2) Boosting sales through increased customer satisfaction. Customers often value organizations that have good ethics.

3) It promotes organizational culture by spelling out core values and beliefs of the organization

4) Creates a clear vision and mission for the organization

5) Builds good reputation and public image for the organization

6) Promotes cooperation and good working relationships among employees in the workplace

7) Enhances loyalty and commitment of employees and managers to the organization

8) It builds positive relations, moral behaviors and environment of trust

9) Attracts the most talented and qualified employees

10) Enhances professional growth and development of employees

Differences between a Code of Ethics and a Code of Conduct

A professional code of ethics and a code of conduct are always viewed and used interchangeably; rightly so because they both guide behavior among a group of professionals. However, there are specific details that differentiate a code of ethics from a code of conduct.

Generally, professional codes of ethics have a wider scope than codes of conduct. The former covers broader areas of business practice, while the latter focuses on narrow and small business areas.

A code of ethics guides behavior by providing a set of principles and values; but the code of conduct identifies the specific actions that are acceptable in given situations.

For example, a professional code of ethics may specify that employees should be honest in their dealings with employees. A professional code of conduct will suggest that employees should not provide misleading information about the products they are selling when communicating with customers.

How to develop an effective professional Code of Ethics

Developing a professional code of ethics requires a well thought-out plan and procedure. You don’t just list several ethical principles or values arbitrarily to come up with a code of ethics. It is important to know the goals and objectives of your organization as well as the expectations of key stakeholders.

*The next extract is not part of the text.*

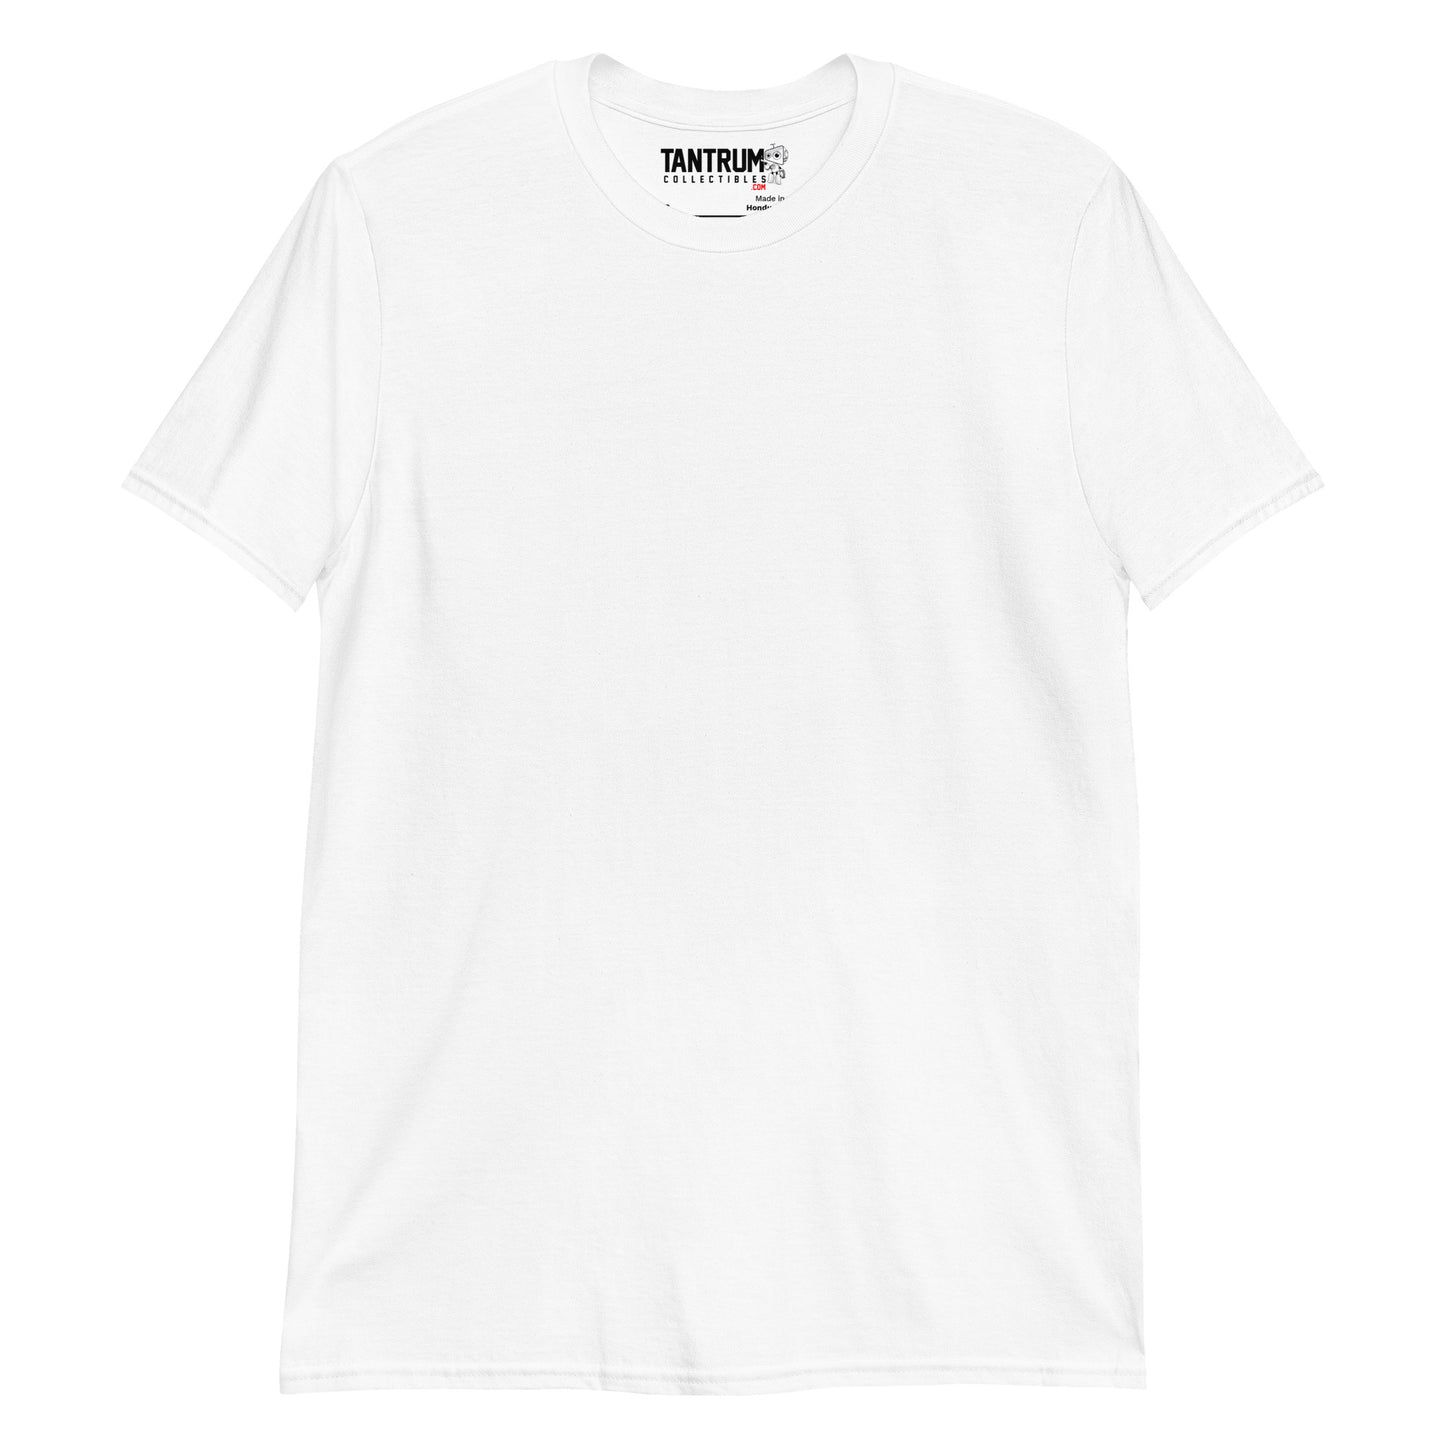 TheDragonFeeney - Unisex T-Shirt - LMAO (Streamer Purchase)

Here are a few steps you should take in order to create an effective professional code of ethics:

1) Set your priorities and identify your goals

2) Collect feedback from employees and other stakeholders

3) Select a Code of Ethics Committee to develop and implement the code of ethics

4) Integrate your code of ethics in all departments and communicate effectively to all employees.

5) Implement training programs for everyone to learn the code.